City officials rolled up the Red Carpet last week, shutting down yet another crime-plagued motel near the intersection of Interstate 71 and East Dublin-Granville Road.
Word that a temporary restraining order had been issued against the owners of the Red Carpet Inn, 1289 E. Dublin-Granville Road, came out right after a visiting judge declared that the nearby Columbus Inn and Suites was a public nuisance and ordered that it remain closed for another year.
City officials closed down Columbus Inn and Suites, 6121 Zumstein Drive, on June 12, 2013.
A COTA bus was parked outside the Red Carpet Inn last week to keep the residents who had to evacuate the place warm while they looked for other accommodations, according to Dave Cooper, president of the Northland Area Business Association.
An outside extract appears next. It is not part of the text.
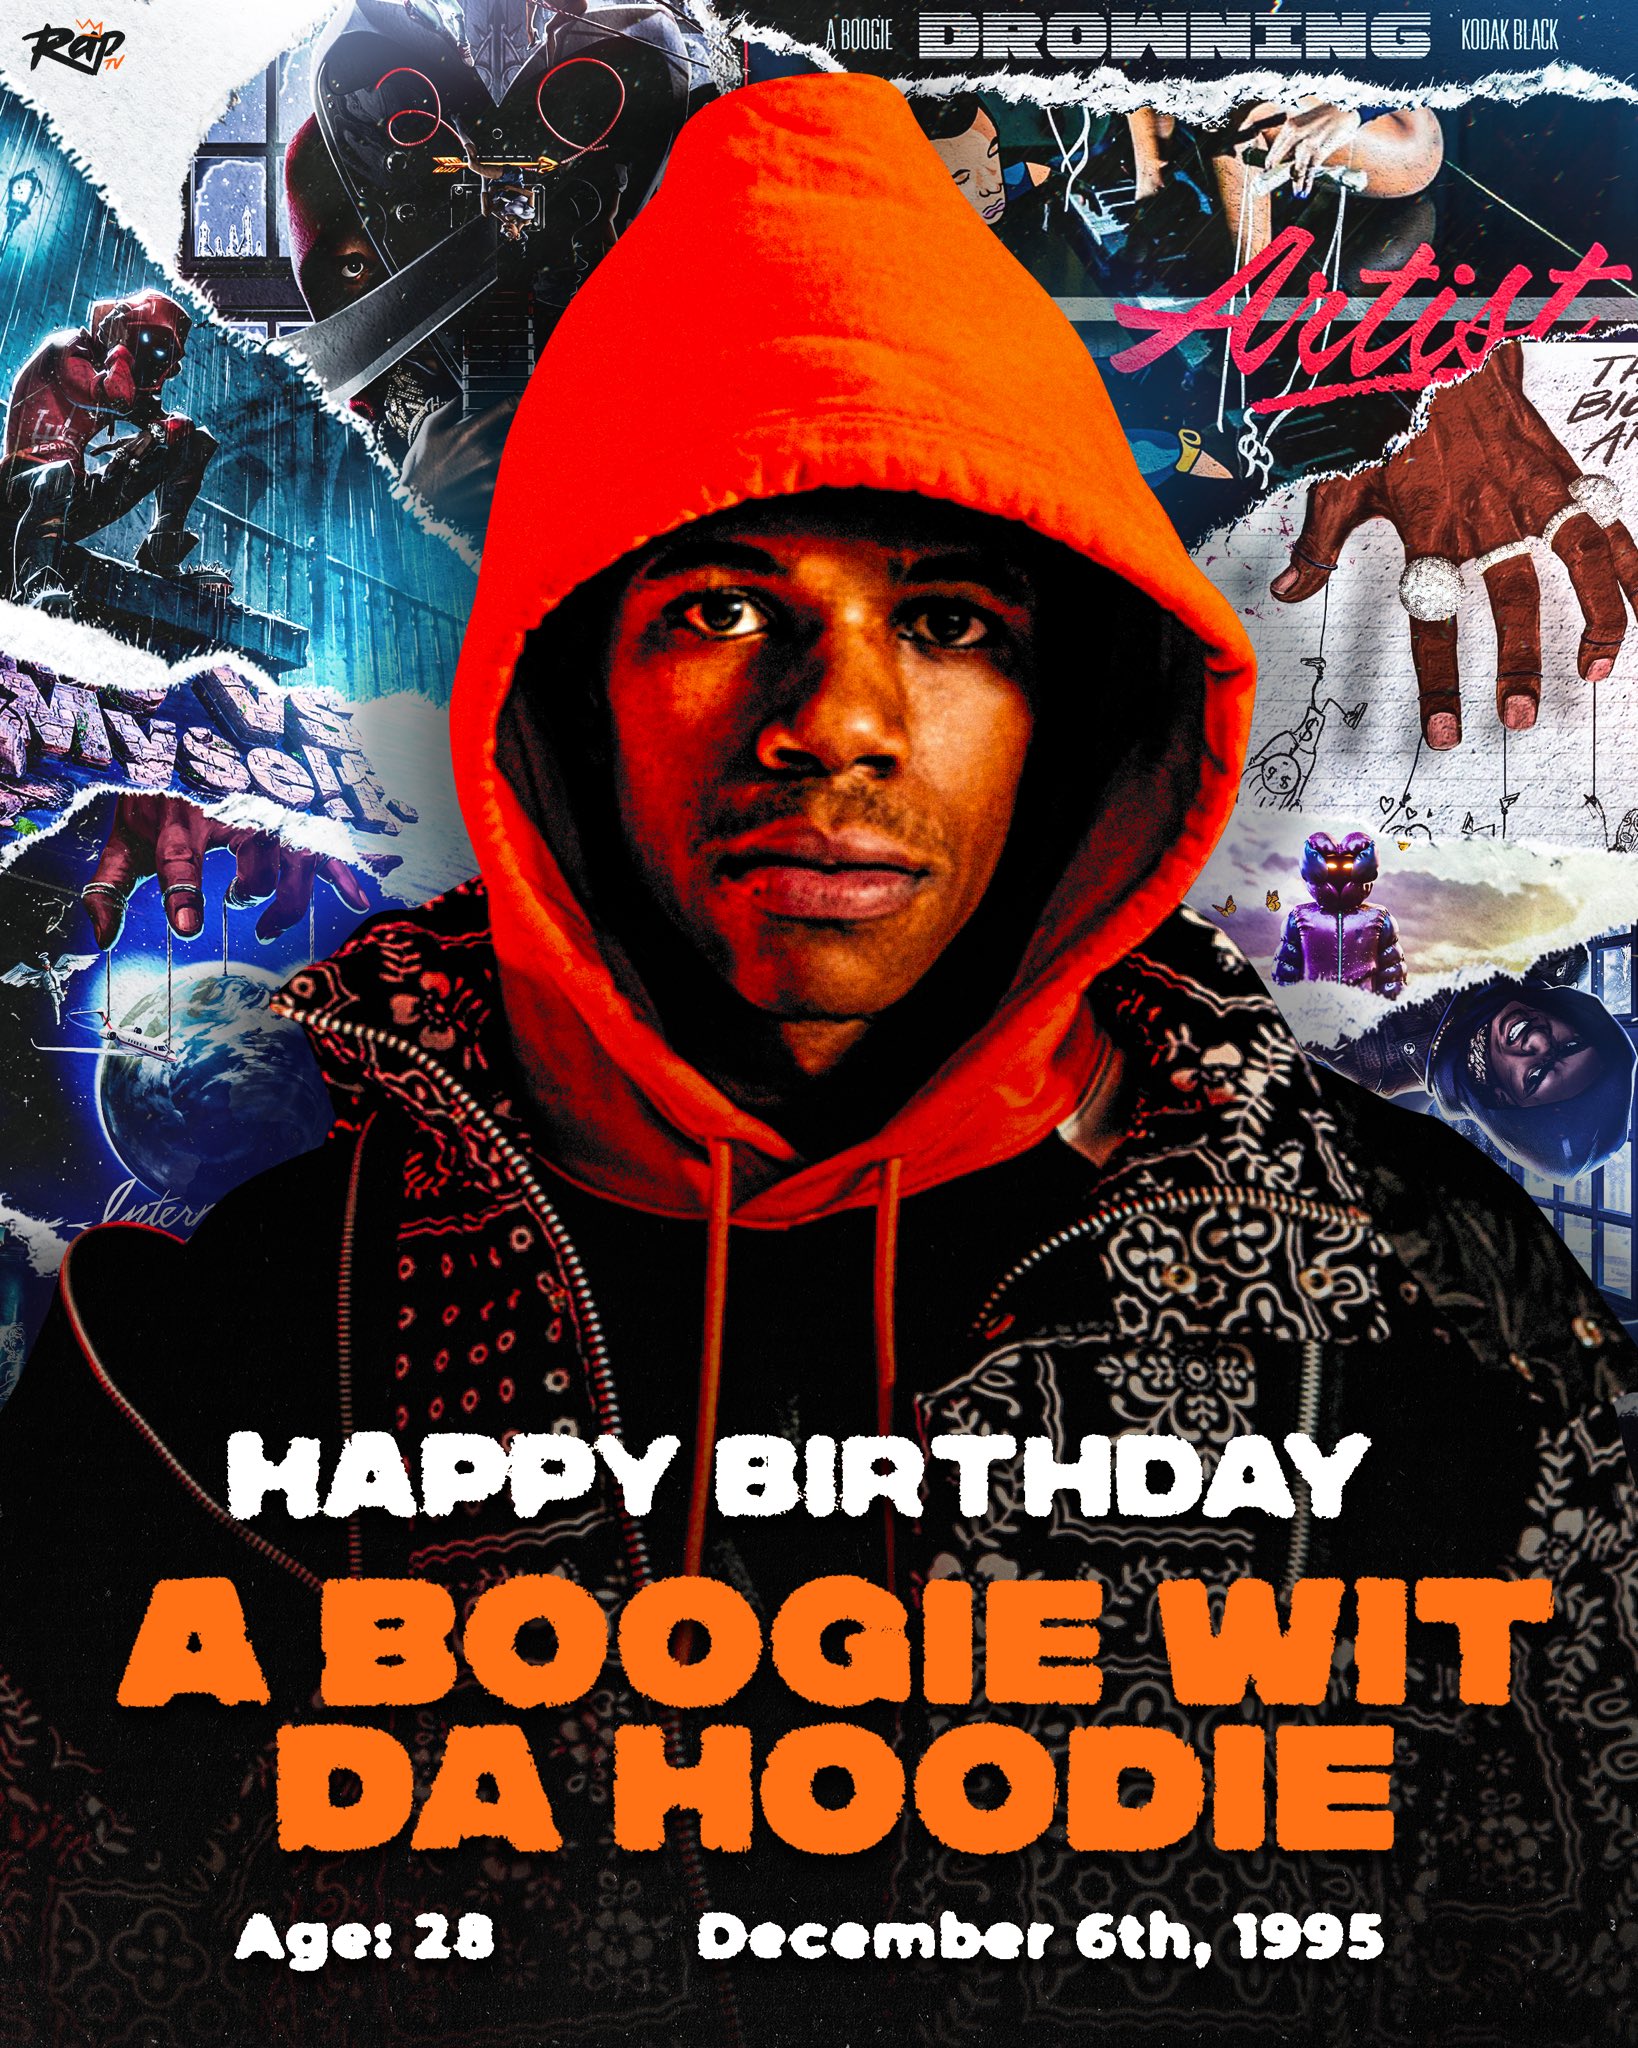 A Boogie wit da Hoodie Birthday

Maryhaven and other social service agencies provided assistance in relocating displaced motel residents.
Cooper and other community leaders applauded actions taken by city officials to rid the neighborhood of nuisance properties such as Red Carpet Inn and Columbus Inn and Suites.
"We're making a concerted effort to target problem hotels," City Attorney Richard C. Pfeiffer Jr. said in a statement. "Building cases takes time, but I want the public to know that these public nuisances are a top priority of ours."
They should be, Northland Community Council President Emmanuel V. Remy said.
"They are just a breeding ground for crime," he stated.
"I'm in favor of what they're doing," said Cooper, whose predecessor as NABA president, Mohammad Ashraf, and his wife, Umtal, own Columbus Inn and Suites.
Only the day before the Red Carpet Inn was ordered closed, Judge Teresa L. Liston ruled in favor of the city in a complaint against the Ashrafs for running an establishment that "had been fraught with significant problems since at least 2011," according to a City Attorney's Office press release.
In her decision, Liston wrote that the Ashrafs "are guilty of maintaining a nuisance in violation of the law."
"It was everything we asked for," Assistant City Attorney William A. Sperlazza said of the ruling. "We feel it is absolutely the appropriate ruling under the law. It's a good ruling for the city, it's a good ruling for the businesses in that area and it's a good ruling for the residents who live in that area."
As for the Red Carpet Inn, Sperlazza said a hearing was scheduled for this week to determine future steps regarding the property. It is valued at $1.5 million and was purchased on Aug. 20, 2013, for $973,750 by Sunstar Columbus Inc. of Addison, Ill., according to the Franklin County Auditor's Office website.
"The evidence suggests thus far that the Red Carpet Inn is one of the worst hotels in the area in terms of drugs and prostitution," Sperlazza said.
The Columbus Division of Police logged 358 calls for service to the motel in 2013 alone, he said.
"That certainly ranks it as one of the highest hotels in that measure," Sperlazza said. "That's significant. That's a strain on Columbus police resources."
The closing of the Red Carpet Inn, coupled with the long-term shuttering of Columbus Inn and Suites, will serve to make the area safer because patrol officers won't be tied up dealing with calls and complaints involving the motels, he added.
Sperlazza singled out Brandon L. Boos, secretary of the Northland Community Council and vice president of the Salem Civic Association, for his willingness to testify on behalf of the city in the complaint against the Ashrafs.
"We're lucky to have people like Brandon who are willing to step up," Sperlazza said.
"We've known for a long time that the issues with crime in the Northland area ... have been from all the multifamily housing and motels that have gone away from the right way to do business," Remy said. "I cannot tell you how pleased I am with the liaison officers we have in the Northland area who have really spearheaded the drive to get these places out of the Northland area."
Remy was referring to officers Scott Clinger and Larry Geis, who helped organize representatives from various city and state departments in inspecting the problem motels at I-71 and state Route 161.
"This is not a victory, but it's absolutely a step in the right direction," Remy added.
"We simply will not put up with it," said William Logan, coordinator of the Northland Area Code Task Force. "If we have to have them shut down, we will do that. The decision is up to the business owners in how they do business. The community will take care of itself to see that our standards are met."
"If they can't run the business in a legal manner, we don't want them there," Cooper said.